Here's how we can deal with both of these problems. Create a new file that contains nothing but the declarations of the functions in ``help.c''. In fact, we have already created just such a file: download help.h and take a look at it. What is in there in addition to the declarations?

Click here for the answer

Now, modify ``main.c'' by eliminating the declarations you added, and replacing them with the line

#include "help.h"

As you probably recall, this is a direction to the compiler to behave as if the contents of the file ``help.h'' were actually typed in here. Notice that we have surrounded the name of the file with quotes instead of angle brackets as is the case with, for example, stdio.h. Why?

Click here for the answer

Save ``main.c'' and compile, link, and run it. How does this address problem (1) identified above?

Click here for the answer

However, we still haven't addressed issue (2).
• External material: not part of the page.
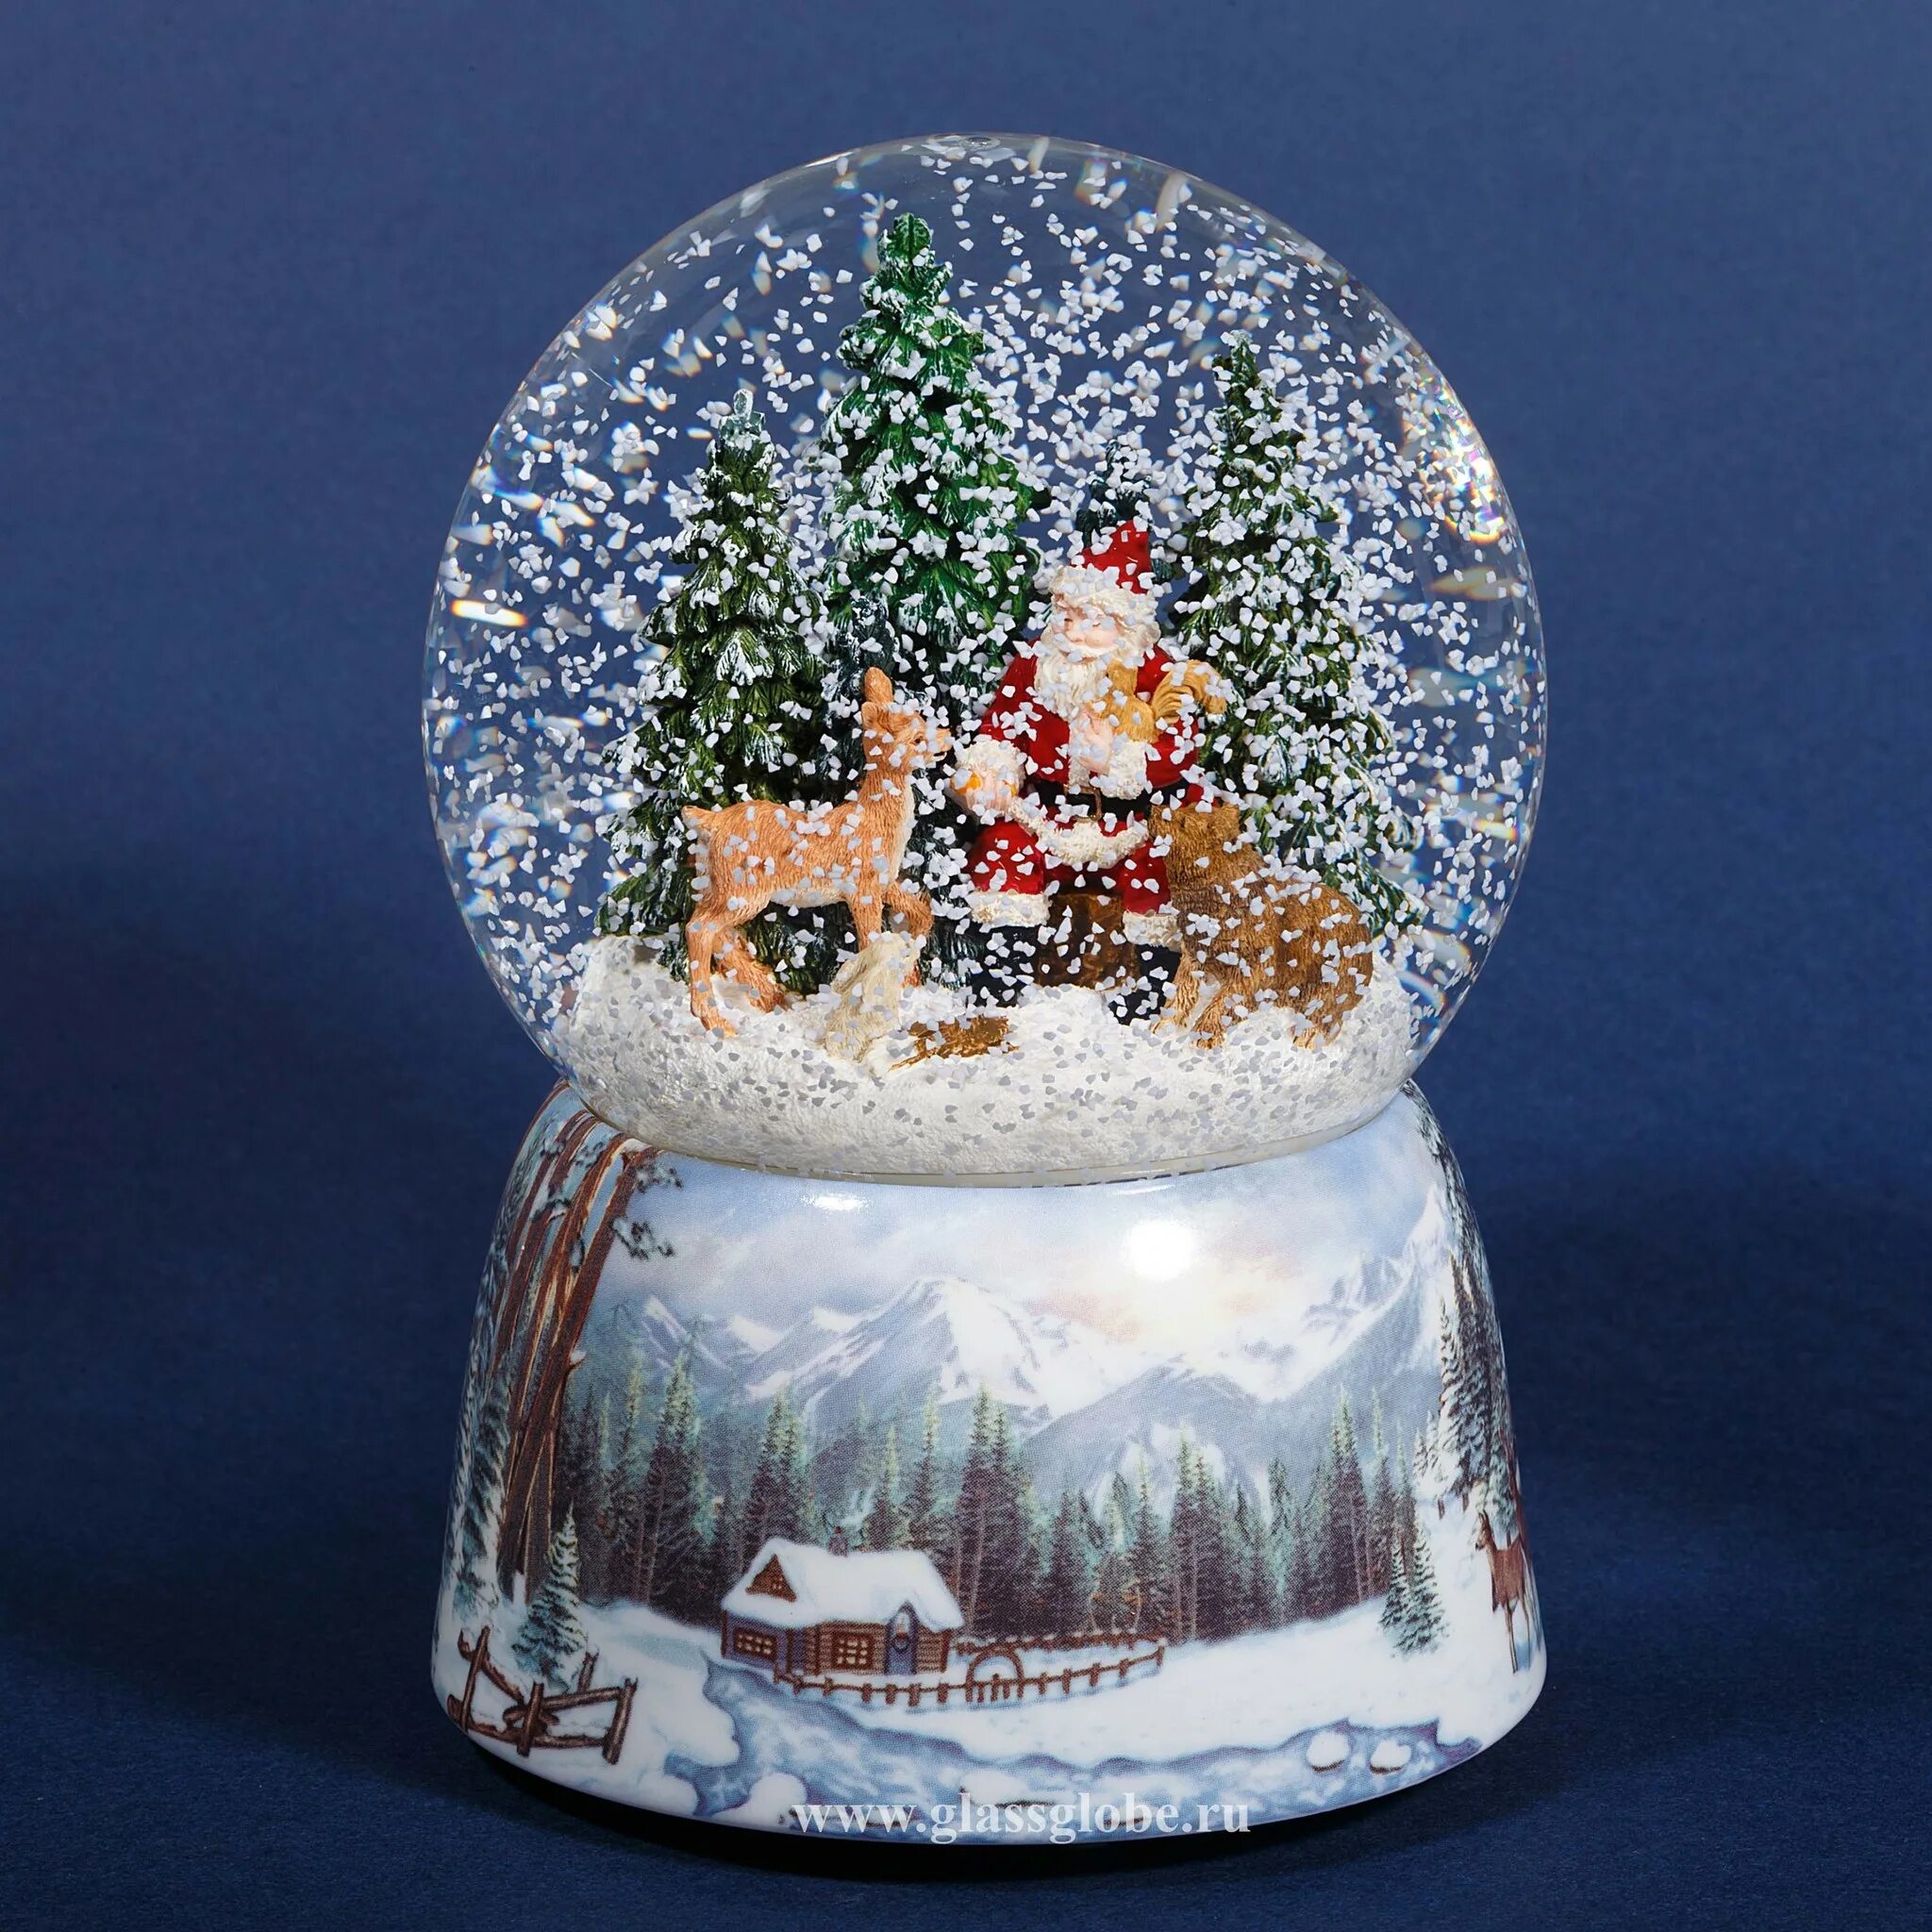 Шары внутри снег. Снежный шар Luville. Снежный шар Lefard новогодний 175-190. Стеклянный шар со снегом. Новогодний стеклянный шар со снегом.

There is nothing to stop us from modifying the declarations in ``help.h'', rendering it inconsistent with ``help.c''.

Fortunately, there's a way to deal with this problem too. Put the line

#include "help.h"

at the top of ``help.c''. Now save ``help.c'' and rebuild the executable. You should encounter no errors.

Now edit ``help.c'' again by changing one of the declarations. For example, change ``sum'' so that it takes a float as an argument instead of an int. Save and recompile ``help.c''. What happens?

Click here for the answer

Summary

To summarize, here is the suggested procedure for dealing with multiple-file programs in C.

  1. For each file ``file.c'' containing functions that will be used elsewhere, create a file ``file.h'' containing the header information and comments for those functions.
  2. Put the line

    #include "file.h"

    near the beginning of ``file.c''. This way, the compiler will warn you if the two sets of declarations ever become different.

  3. Put the line

    #include "file.h"

    near the beginning of all files that use the functions in ``file.c''. This way, the complier will warn you if you use the functions incorrectly.

You can then separately compile the ``.c'' files, and then link together to create an executable. In the next lesson we will look at Makefiles, which provide a more convenient way of compiling and linking multiple file programs.